Como é que o presidente do órgão que tem a missão de, na atenção à realidade e ao projeto, propor ao Conselho e ao Parlamento as principais medidas a tomar na direção estratégica da UE e, por outro lado, a de fiscalizar a aplicação das diretivas, pode dar-se ao desplante de enveredar por enunciados que revelam não acreditar nos cidadãos (e quiçá no projeto europeu) e fazer afirmações que implicam juízos de valor sobre os demais líderes, alimentam desconfianças ou indispõem as pessoas atingidas. Por exemplo, que moral, que autoridade tem o inocente iluminado para dizer que “os europeus não amam a Europa”, que “Tsipras é um homem que perdeu as suas referências” e que “o Estado grego não existe”?
Perante atoardas como as referidas, que sinceridade e honestidade intelectual se podem ter divisado na sua anterior confissão de que a UE terá ferido a dignidade de alguns países, apontando para os países sujeitos a programas de ajustamento financeiro? Ou como pode merecer crédito sustentável, da parte dos cidadãos e dos Estados, o seu plano de gestão da coisa pública europeia? Assim, paira sobre as nossas cabeças a dúvida se este luxemburguês terá um perfil melhor que o seu predecessor imediato, o Dr Durão Barroso.  

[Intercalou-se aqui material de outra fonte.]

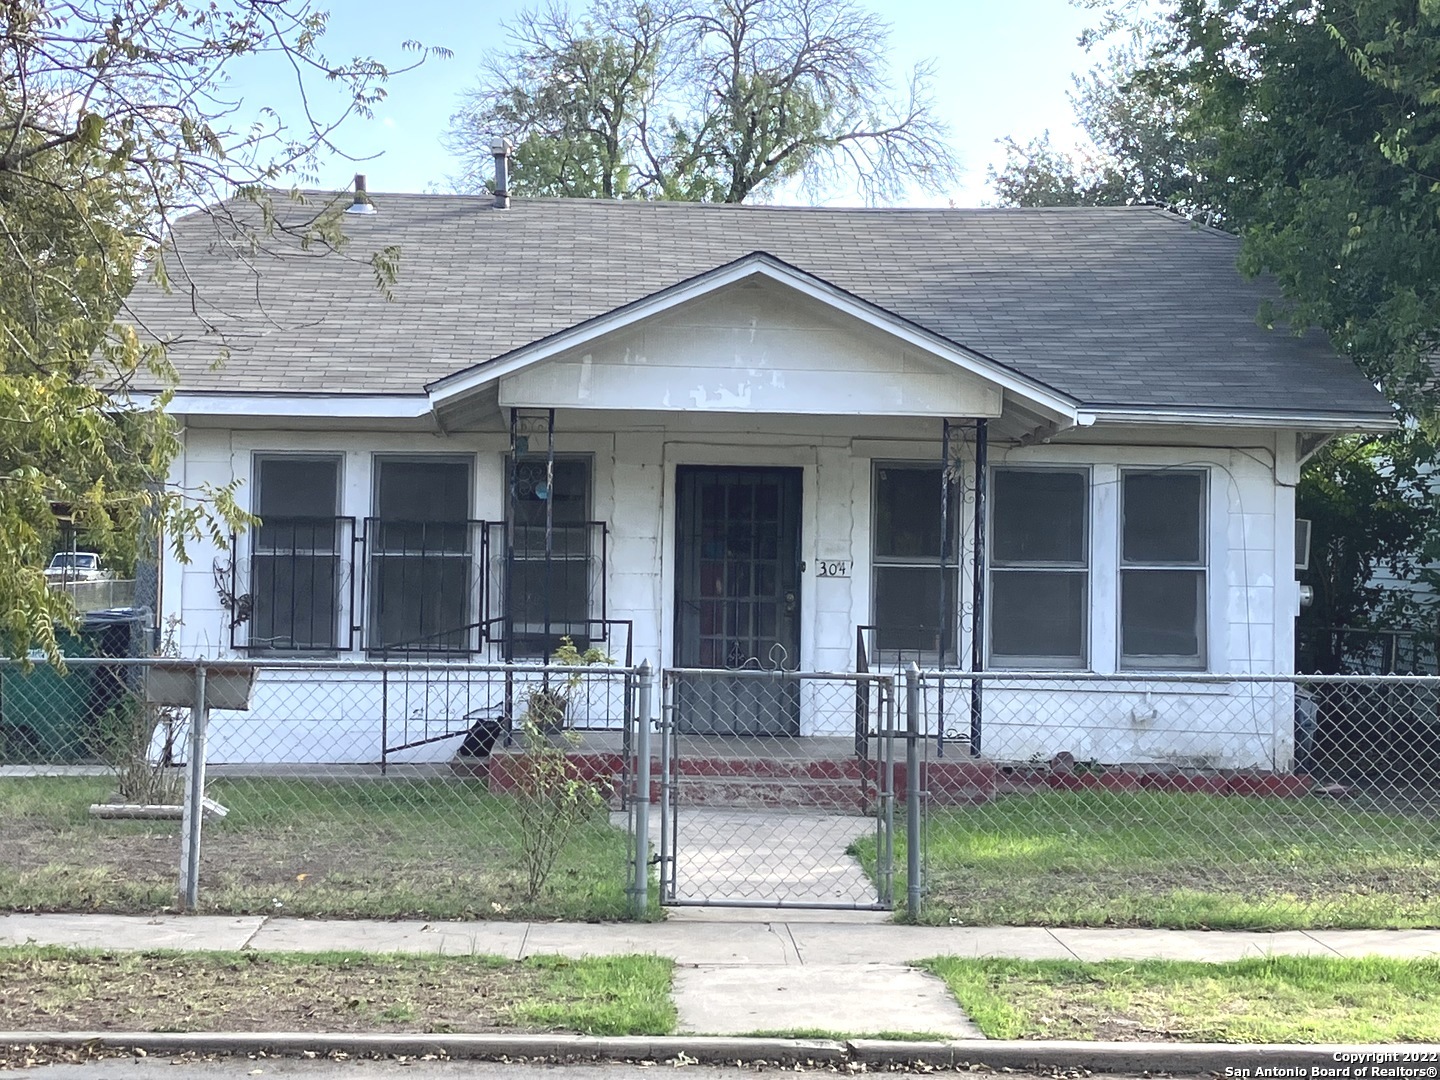 THIS IS A FIXER UPPER HOME ON A HUGE .25 OF AN ACRE. SERIOUS INQUIRIES ONLY.  NEAR SAN ANTONIO MISSIONS HISTORICAL PARK, RIVERSIDE GOLF COURSE.

Depois, assumindo uma postura não condicente com o lugar de topo que ocupa em Bruxelas, o Presidente da Comissão, que acabou por desempenhar um papel secundário nas negociações, tendo o protagonismo ficado por conta de Donald Tusk, o presidente do Conselho Europeu, quis reivindicar agora mais protagonismo e falou sobre o tema com o diário Le Soir, na sua primeira entrevista após o acordo para o terceiro resgate da Grécia.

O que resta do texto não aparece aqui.